At the very least, Miller finished off his regular season on a high note. The fourth inning was his only clean frame, starting off with a couple of groundouts to second, but the always dangerous Shohei Ohtani—who had knocked two hits already—came to the dish. Two fastballs at the top of the zone held Ohtani at bay, and rather than try and mix it up, Miller fired another heater up. Ohtani swung through it, looking off in the distance in disbelief as the fastball seemed to rise up out of the zone. It was the second of just two punchouts on the day for Miller.
On the other side of the rubber was Clayton Kershaw, logging the last start of his 18-year career. The legendary Dodger lefty got through two innings quite easily, striking out two in the second inning with breaking balls that still evaded bats with ease. Luke Raley’s punchout in particular looked like a Kershaw K of old, a left-handed batter hacking haplessly at that classic curveball that swan-dove from the heavens to the underworld.
The third inning was more difficult for the future Hall of Famer. Miles Mastrobuoni, called up earlier that day, kept off a brilliant 1-2 curveball and flicked a painted slider the other way for a base hit down the line. Mastrobuoni thundered around first and got into second for the one-out two-bagger, giving Seattle a chance to get back in the game. Randy Arozarena extended his at-bat to nine pitches but grounded into the inning’s second out, and although Cal Raleigh walked to extend the inning, Eugenio Suárez struck out to strand the runners.

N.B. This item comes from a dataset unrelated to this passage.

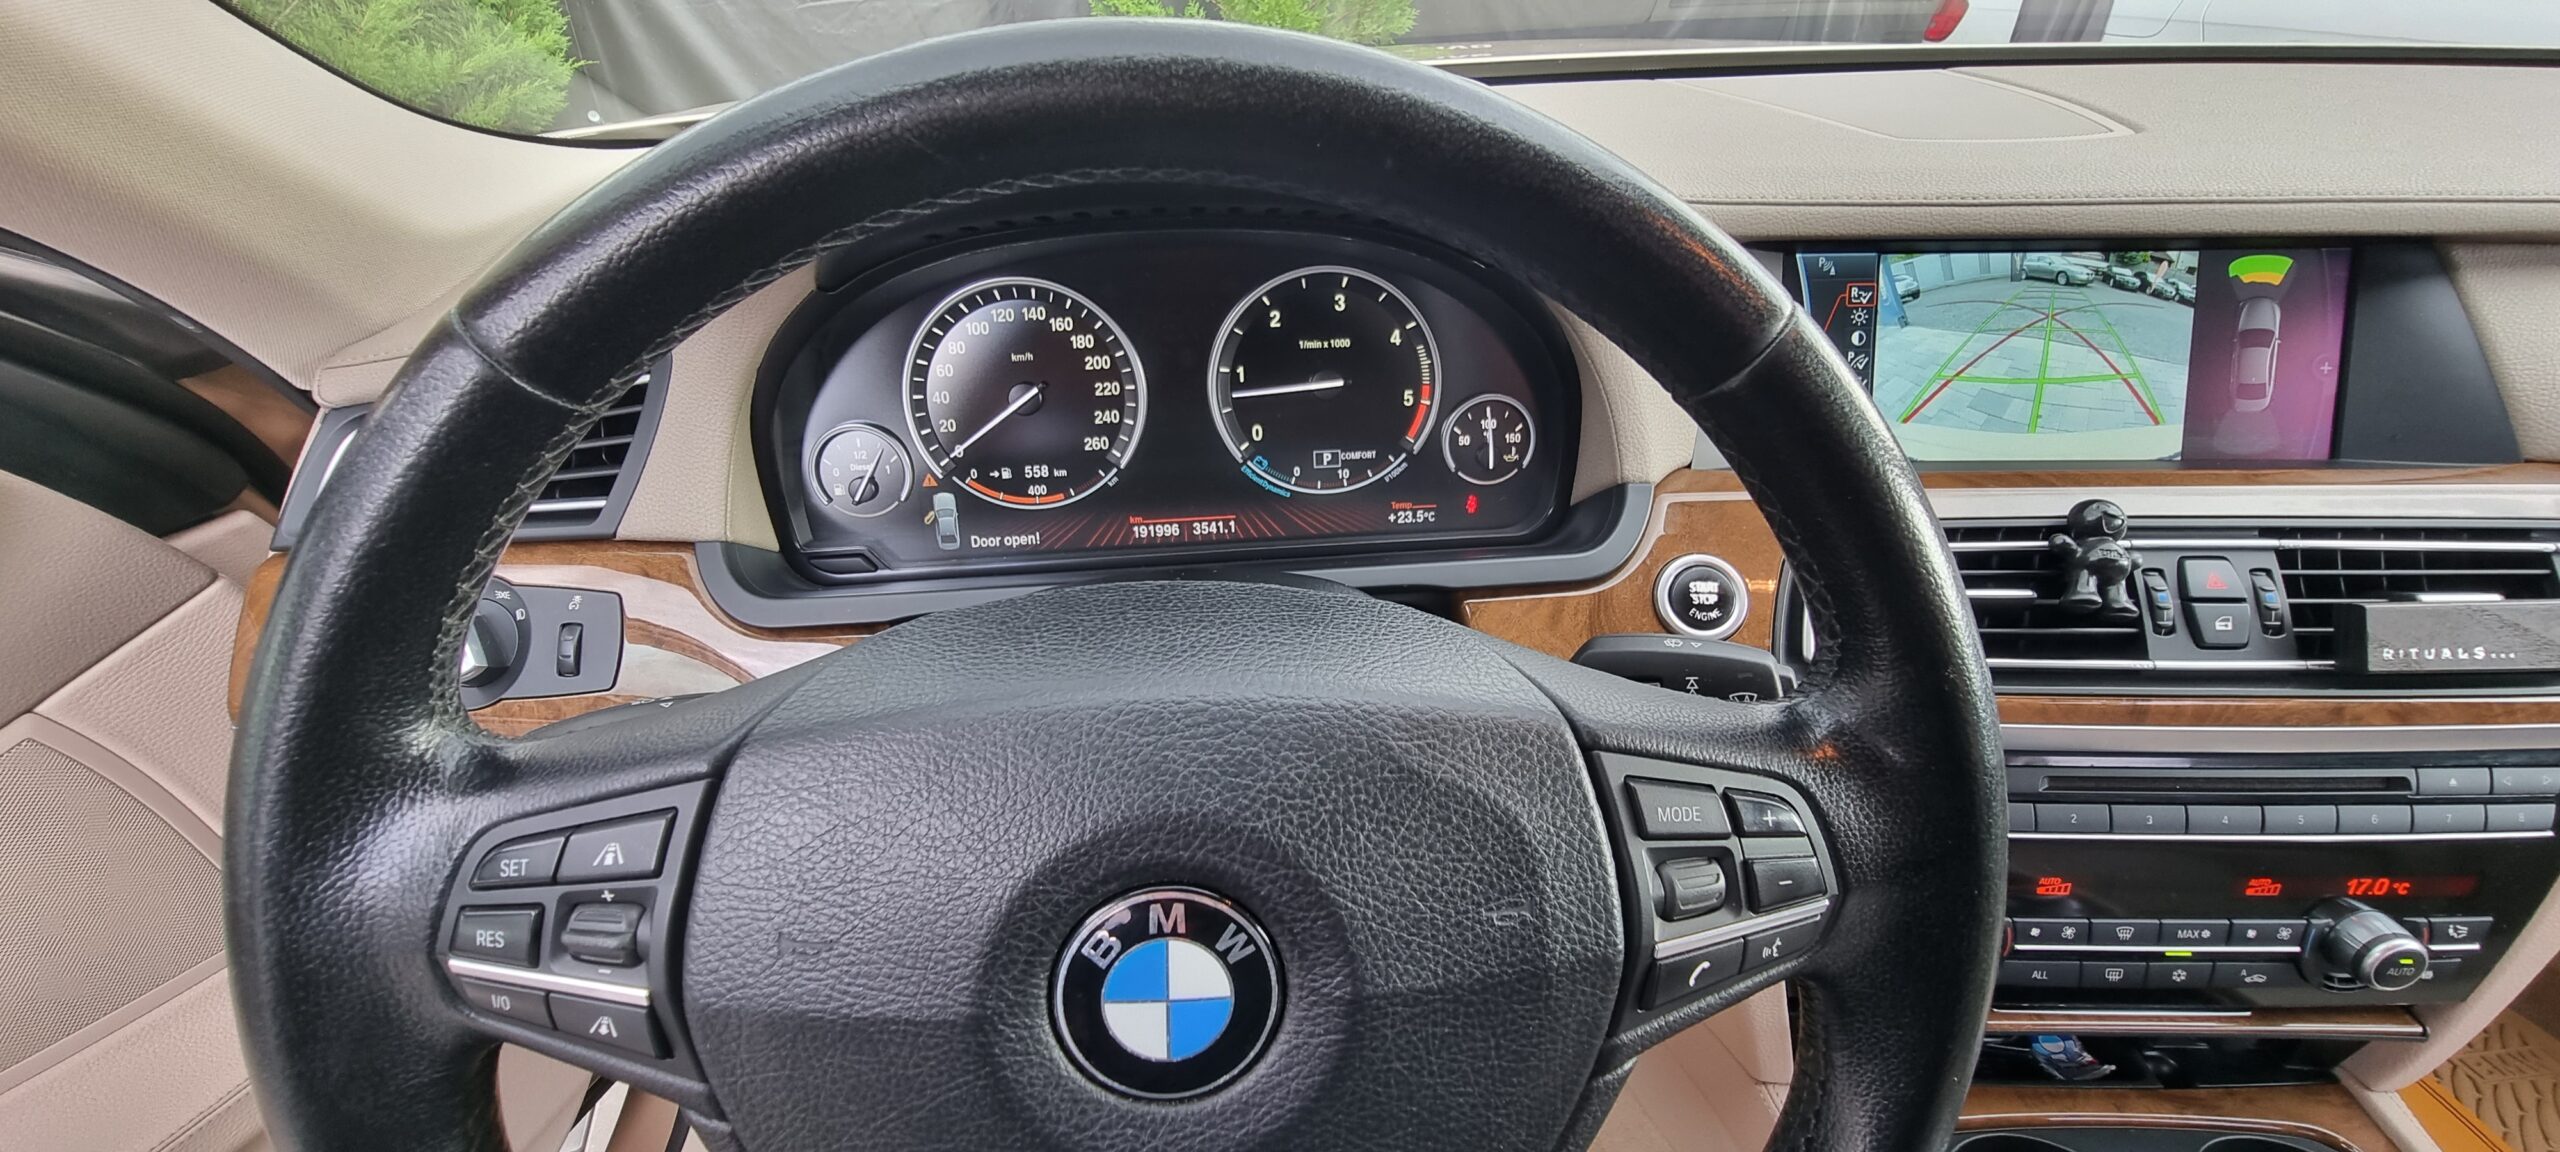 BMW SERIA 7, 3.0 DIESEL ,245 CP, EURO 5, AN 2011

It was another Suárez strikeout that will be remembered, however. Kershaw only grew more unhittable over the fourth and fifth, strolling back out to the mound the final time to face one batter in the sixth. Suárez worked the count full, laying off some breaking balls in the dirt, but a slider a couple inches beneath the plate proved too enticing.
For a split second, it seemed like Dave Roberts might leave Kershaw in for one more batter, but as a figure left the Dodgers dugout, a 45,658-strong sellout crowd rose to their feet and cheered. That figure was none other than Freddie Freeman, who began a cavalcade of heartfelt hugs with an embrace on the mound.
Tears welled in Kershaw’s eyes as he made his way off the mound for the final time, his face red by the time he sat down in the dugout. Mariners and Dodgers fans alike gave their respect to one of the game’s legends as he left the field, a standing ovation befitting Kershaw’s career of 223 wins, 96 losses, 3052 strikeouts, a 2.53 career ERA, one MVP, and three Cy Young Awards.
It was on to the league’s newer stars for the rest of the game. Shohei Ohtani capped off a stellar performance with a seventh inning blast out to dead center field, his 55th of the season, breaking a Dodgers’ single season home run record that he himself set in 2024. Ohtani, who will win the National League MVP, made way for Cal Raleigh, whose odds at the American League award are more split. Raleigh’s last at-bat of 2025 was a single with a man on in the bottom of the eighth, after which Harry Ford trotted to first as a pinch-runner. “MVP” escaped the mouths of Mariner and Dodger fans alike as Raleigh performed one last curtain call.
Suárez knocked Arozarena home with a groundout for Seattle’s only run, but it was all over just a quarter of an hour later. Getting swept going into the playoffs is never what any team wants to happen, but October will present a clean slate as either the Tigers or the Guardians come to Seattle to begin the ALDS on Saturday.
“We got a chance to win everything,” Suárez said after the game. It’s something that’s true of 11 other franchises as the magical month begins, but there will be only one lit up by the shining glory.